In my previous post I explained three variants on Fermat’s Little Theorem, as well as a fourth, slightly more general variant, which it turns out is often called Euler’s Totient Theorem. Here’s what I said:

If n \geq 1 and a is any integer, then a^{\varphi(n)} \equiv 1 \pmod n.

However, this is wrong! We can easily find a counterexample. For example, let n = 6 and a = 3. Then \varphi(6) = 2, since there are only two numbers less than 6 that are relatively prime to it (namely, 1 and 5; each of 2, 3, and 4 shares a common factor with 6). But then a^{\varphi(n)} = 3^2 = 9 which has a remainder of 3, not 1, when divided by 6.

What’s wrong? It turns out I missed a small but important restriction: this is only true when a is relatively prime to n. Note this is stronger than saying a isn’t divisible by n; it says they cannot share any common factors at all. For example, 9 is not divisible by 6, but they share 3 as a common factor, so this theorem does not apply (and indeed, 9^2 \equiv 3 \pmod 6, not 1).
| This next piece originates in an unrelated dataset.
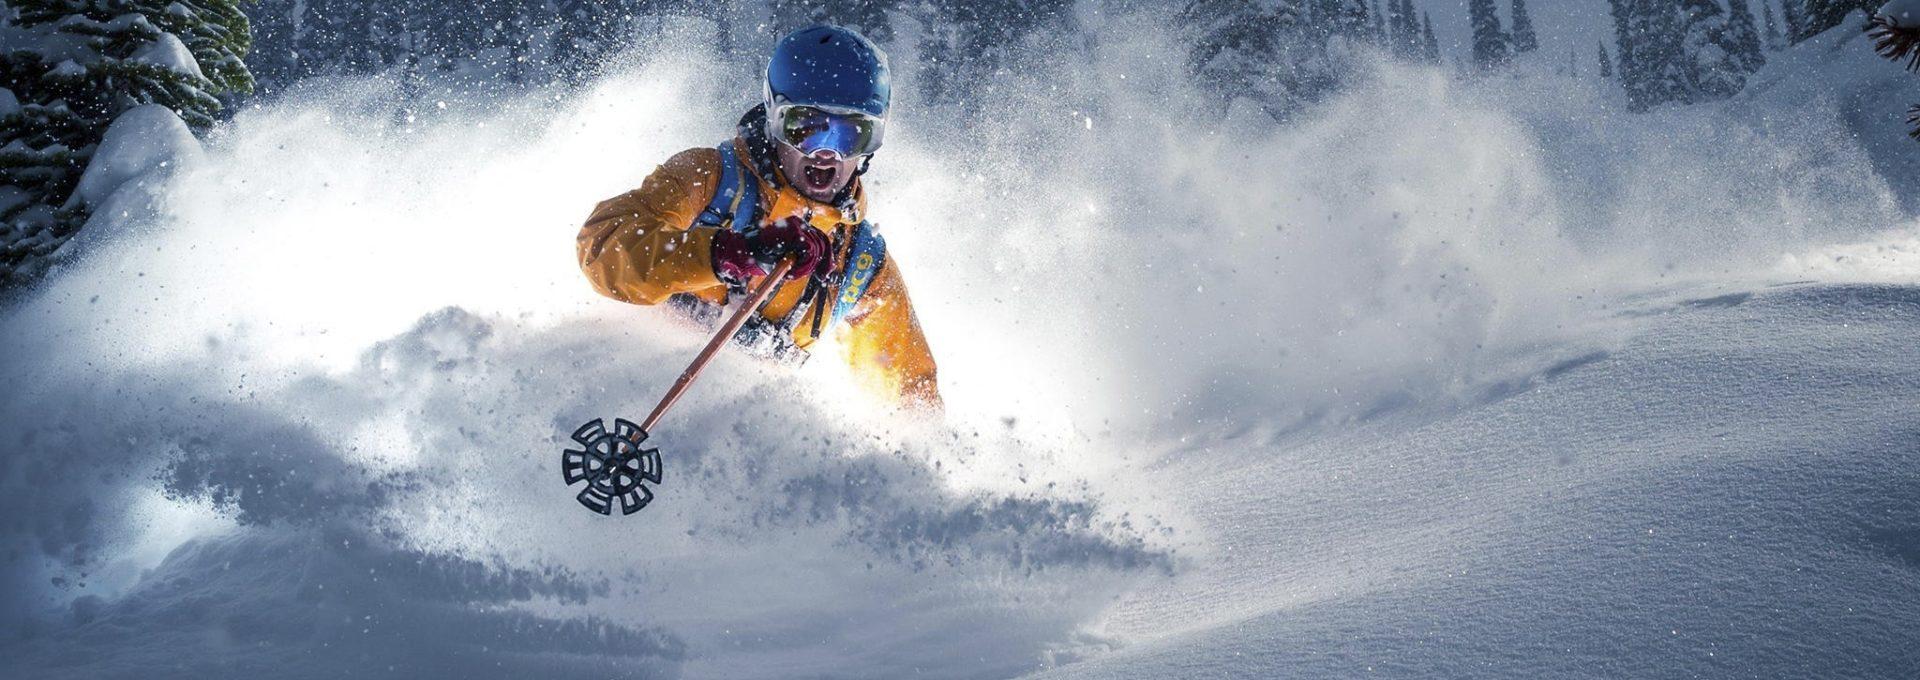 Sydney滑雪探險家

For completeness, here’s a corrected statement of the theorem (I have also fixed the previous post):

If n \geq 1 and a is any integer relatively prime to n, then a^{\varphi(n)} \equiv 1 \pmod n.

So what’s an example where this theorem does work? Let’s keep n = 6 but try a = 5 instead: now a^{\varphi(6)} = 5^2 = 25 \equiv 1 \pmod 6.

In my next post I’ll present a proof of Fermat’s Little Theorem.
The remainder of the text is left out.